I'm a new DirecTV customer. I was prompted to switch when my local cable provider, Time Warner, wanted to knock my rates up by $60. Once I knew they wouldn't give me any perks or specials, I immediately started looking for alternatives. Like any well-informed consumer, I shopped around and compared my options and prices for all three available companies - DirecTV, Dish and Time Warner. I think I may have had the worst (and I do mean worst) sales rep experience ever when I called Dish.

When I called Dish to compare pricing I talked with someone who spoke fast, garbled his words, mumbled incoherently from time to time and was pushy and eventually downright rude.

Aside from not hearing 50% of what he had to tell me, at the end of a 5-minute call he became very pushy and wanted me to sign up now now now! When I told him I wasn't ready to do it just yet, that I still had to talk to DirecTV and my cable provider, he wouldn't have it. He said he'd call me back in a few hours (It was 8PM). I said no, and he kept pushing it. Finally I told him, "No, I'll call you once I get this figured out, I just need to know I'm actually saving money here." He told me to have a good evening and hung up.

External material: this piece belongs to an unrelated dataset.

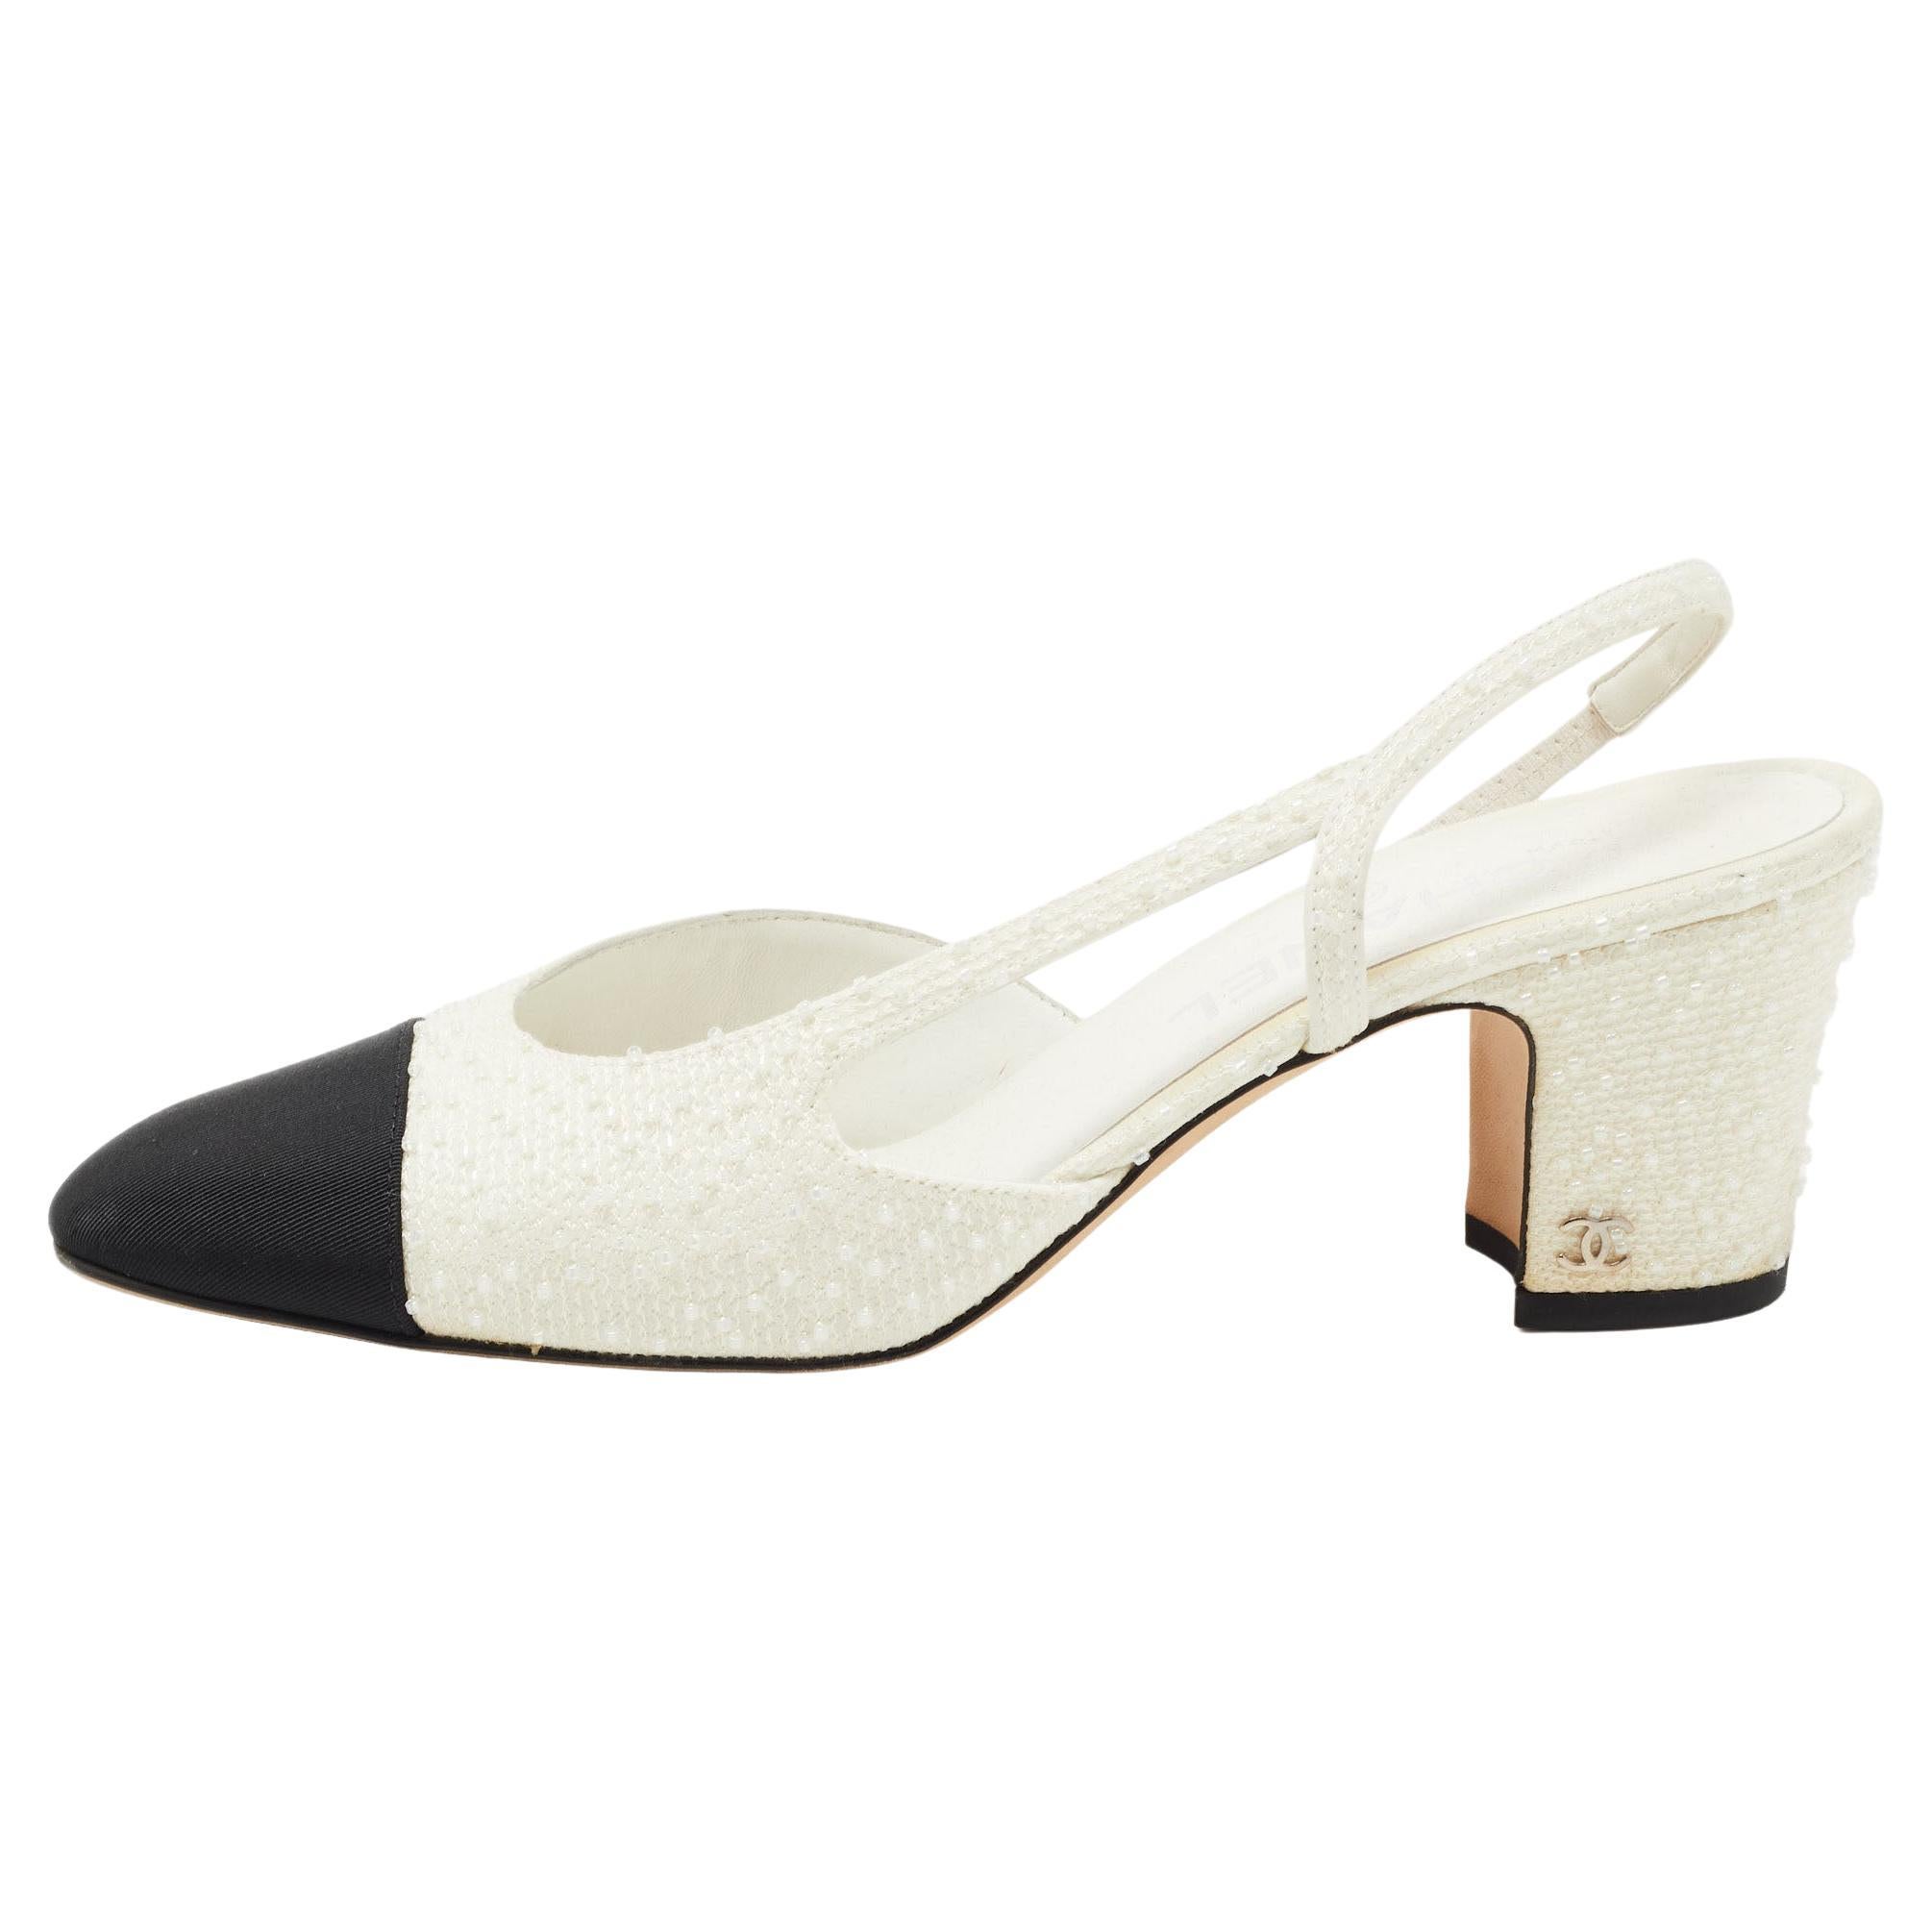 Chanel White/Black Canvas and Tweed CC Slingback Block Heel Pumps Size 38.5

If I would have heard his name the first time around I would've immediately called back and gotten a supervisor.

For that guy to get his panties in a knot over a 5-minute price check call, he must have really been lacking on his sales numbers, and I think I know why.

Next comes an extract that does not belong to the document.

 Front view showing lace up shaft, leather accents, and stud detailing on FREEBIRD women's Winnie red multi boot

I may be new to DBS, but I'm definitely not new to customer service. I've worked in a call center before - granted, I wasn't selling anything, but the same principles apply. You should be pleasant to speak with, distinct in your enunciation and above all else, willing to accept when something's not going your way. Compared to D* and Time Warner, the Dish sales rep I spoke with had none of these qualities.

Does anybody else have any horror stories? Is this a common occurrence, or did I just happen to get the one bad egg of the bunch?


----------



## koji68 (Jun 21, 2004)

I'm sure there are other that had similar experiences. With millions of customers calling Dish, somebody somewhere is going to end up with a sales rep that just want to make the sale, is rude, or uncaring about the customer situation. The same will go with other companies. 

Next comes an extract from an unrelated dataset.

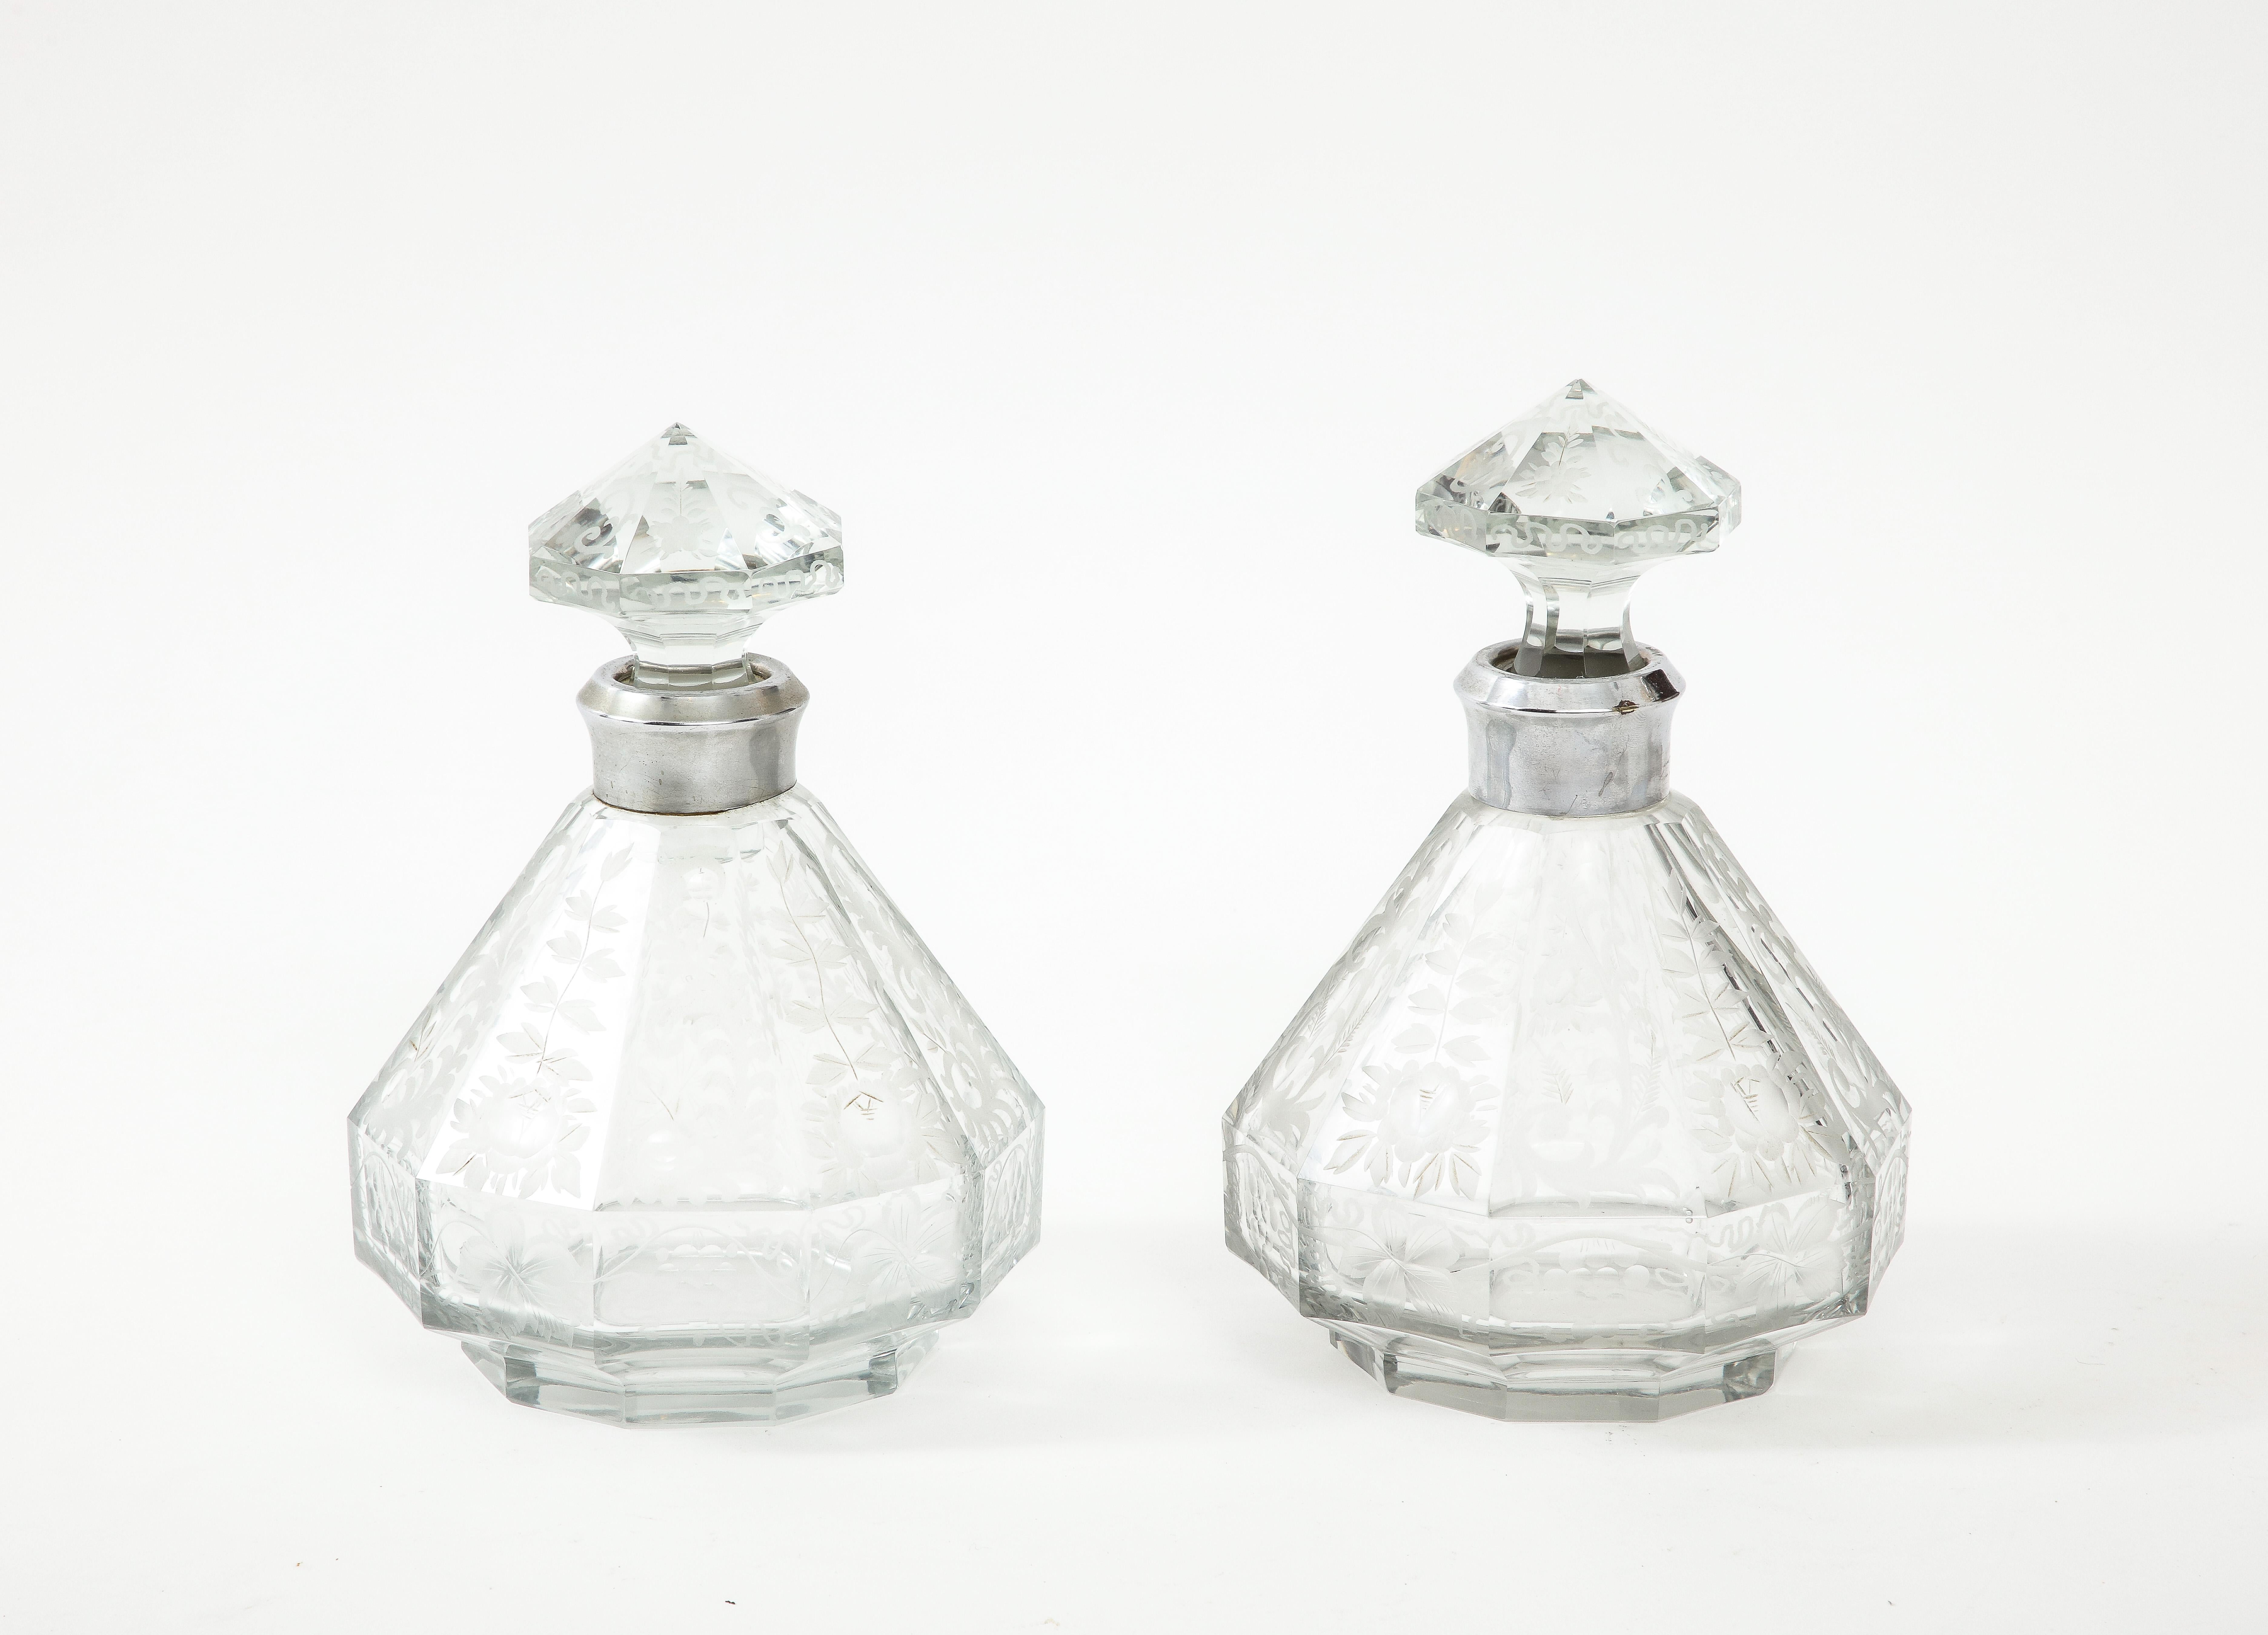 1940's etched glass decanters with stoppers, in vintage original condition with minor wear and patina due to age and use.

My experience with Dish is that they have good, bad, and in between reps and I have experienced them all. As an average I think they have good, quick and reasonable reps.


----------



## Nick (Apr 23, 2002)

Sounds more like you were talking to a dealer or sales rep. DishNetwork CSRs aren't perfect, but the ones I've encountered are not that bad, either.


----------



## thewallfisher (Feb 1, 2011)

"Luftwaffles" said:


> I'm a new DirecTV customer. I was prompted to switch when my local cable provider, Time Warner, wanted to knock my rates up by $60. Once I knew they wouldn't give me any perks or specials, I immediately started looking for alternatives. Like any well-informed consumer, I shopped around and compared my options and prices for all three available companies - DirecTV, Dish and Time Warner. I think I may have had the worst (and I do mean worst) sales rep experience ever when I called Dish.
> 
> When I called Dish to compare pricing I talked with someone who spoke fast, garbled his words, mumbled incoherently from time to time and was pushy and eventually downright rude.
> 
> ...


Do you know what phone number you called? I'm just curious to know if was Dish or a Retail sales company.


----------



## Luftwaffles (Feb 4, 2011)

I called 1-800-823-4929, which is the number on dish.com.

Unless they share a call center with other companies, I'm certain that it was a Dish sales rep.

I'd expect that a majority of inbound sales people for *all* companies are caring and helpful, but what really confuses me is how somebody can get a job in an inbound sales department yet lack the kind of rudimentary people-skills that I mentioned in the first post.


----------



## thewallfisher (Feb 1, 2011)

Yep, that's Dish Networks number. I don't think that rep will be working there for long.


----------